In order to understand how the leaders of a nominally Christian community could inaugurate and carry on a systematic, high-handed persecution against their former brethren, under the government of a Mohammedan power, and inflict upon them actual punishment, it will be necessary to refer again, and more minutely, to the peculiar constitution of things under which the various nations were living in Turkey. This system of government was established when the Ottoman Turks took Constantinople. It seems to have been adopted to relieve the Sultan and his ministers of the trouble of looking after the various classes of people that were under the control of the Porte. It is a marvel that it worked even as miserably well as it did; but it opened the door for a vast amount of oppression and misrule.
The Turkish government, of which the Sultan was the despotic head, was supreme; but only the Turks and other Mohammedans were directly amenable to its authority. All other nations, such as the Greeks, Armenians, and Jews, had each its own head and its own government, which was literally an imperium in imperia. By the fundamental law of the empire, each nation was a distinct community, and attended to its own affairs very much as if there were no other government existing in Turkey. The Armenians, for instance, had their patriarch, appointed by the Sultan and ranking with the higher Turkish pashas, who was held responsible for the government and the good conduct of that nation, and who was invested for this purpose with almost unlimited authority over his people.
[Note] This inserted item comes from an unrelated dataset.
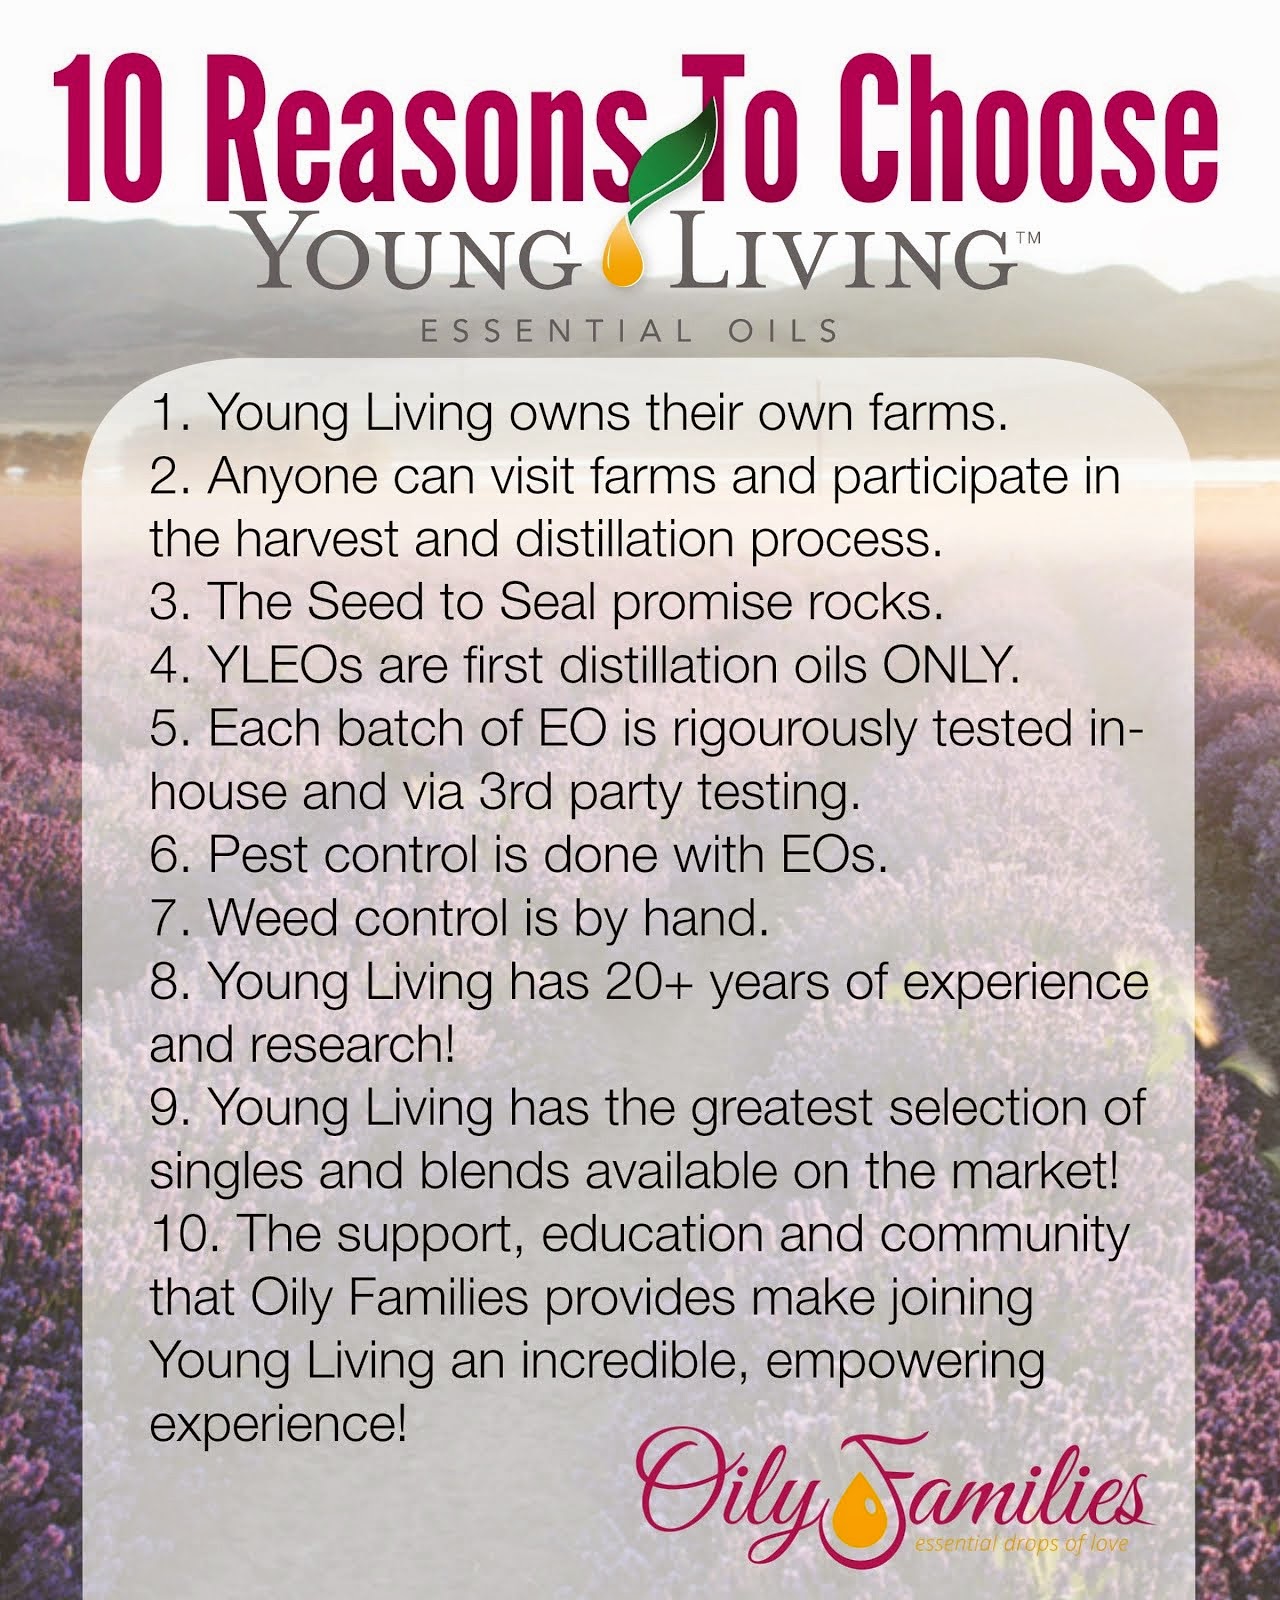 10 Reasons to Choose Young Living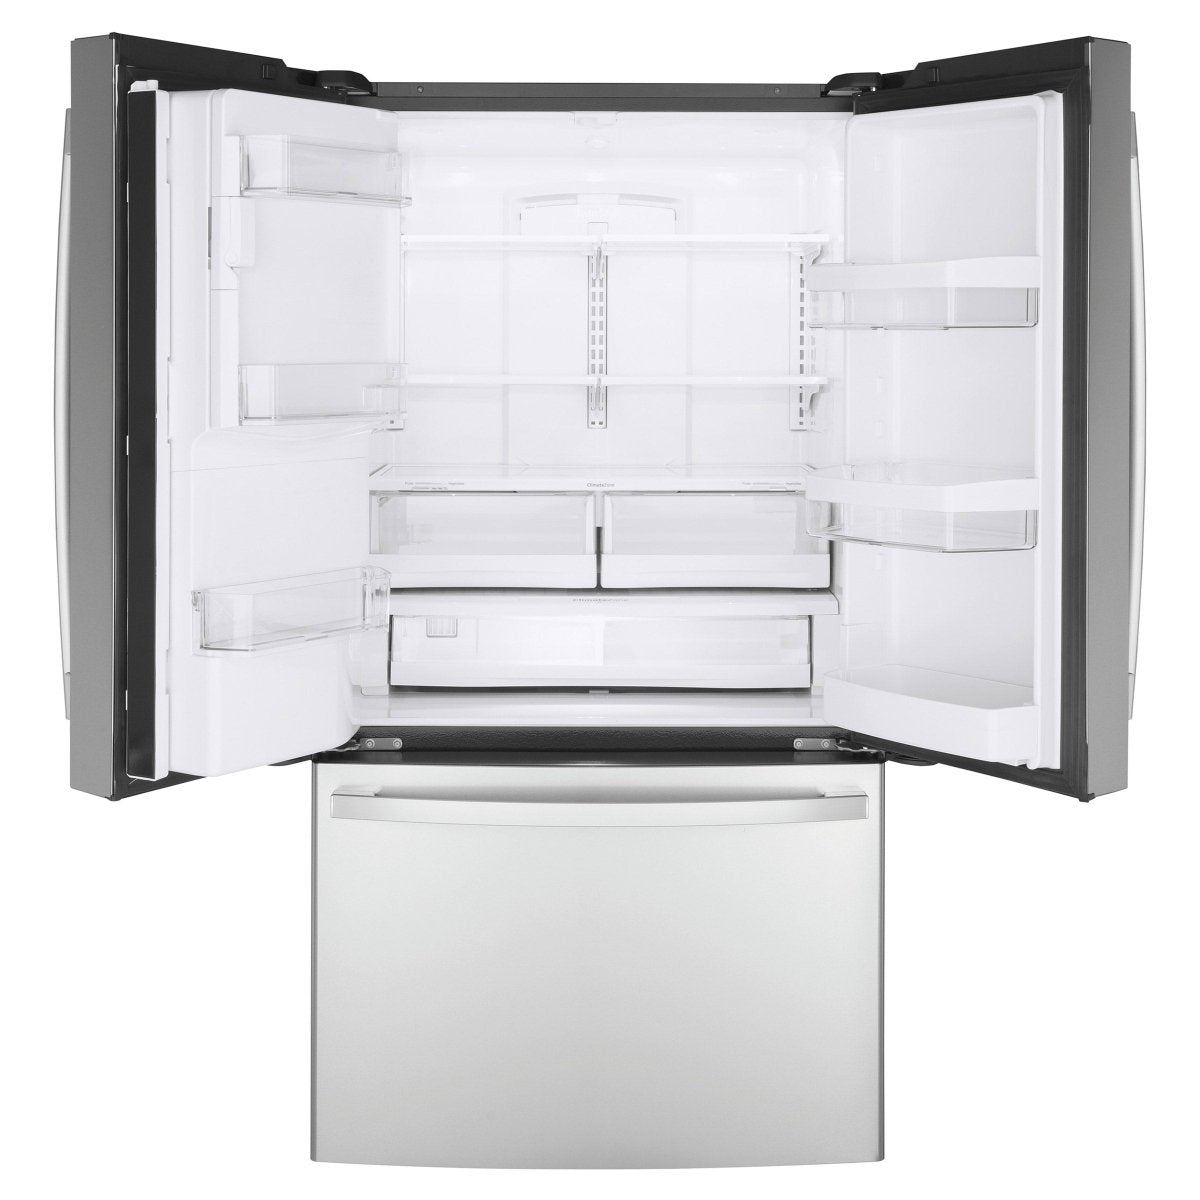 GE 22.1 Cu. Ft. Counter-Depth French Door Refrigerator with Twinchill Evaporators and Humidity Controlled Drawers - Alpine Outlets

Really subject to the Sultan
Though nominally and really subject to the Sultan, his acts were seldom interfered with, however arbitrary or oppressive they might be, so long as they did not affect the Mohammedans. He was both civil and ecclesiastical head of his nation, and had authority to inflict both civil and ecclesiastical penalties. One form of punishment, dreaded almost as much as death, that of banishment to distant parts of the empire, he could not inflict; but an order of banishment was easily obtained from the Sultan, especially if the application for it were accompanied with a suitable bribe.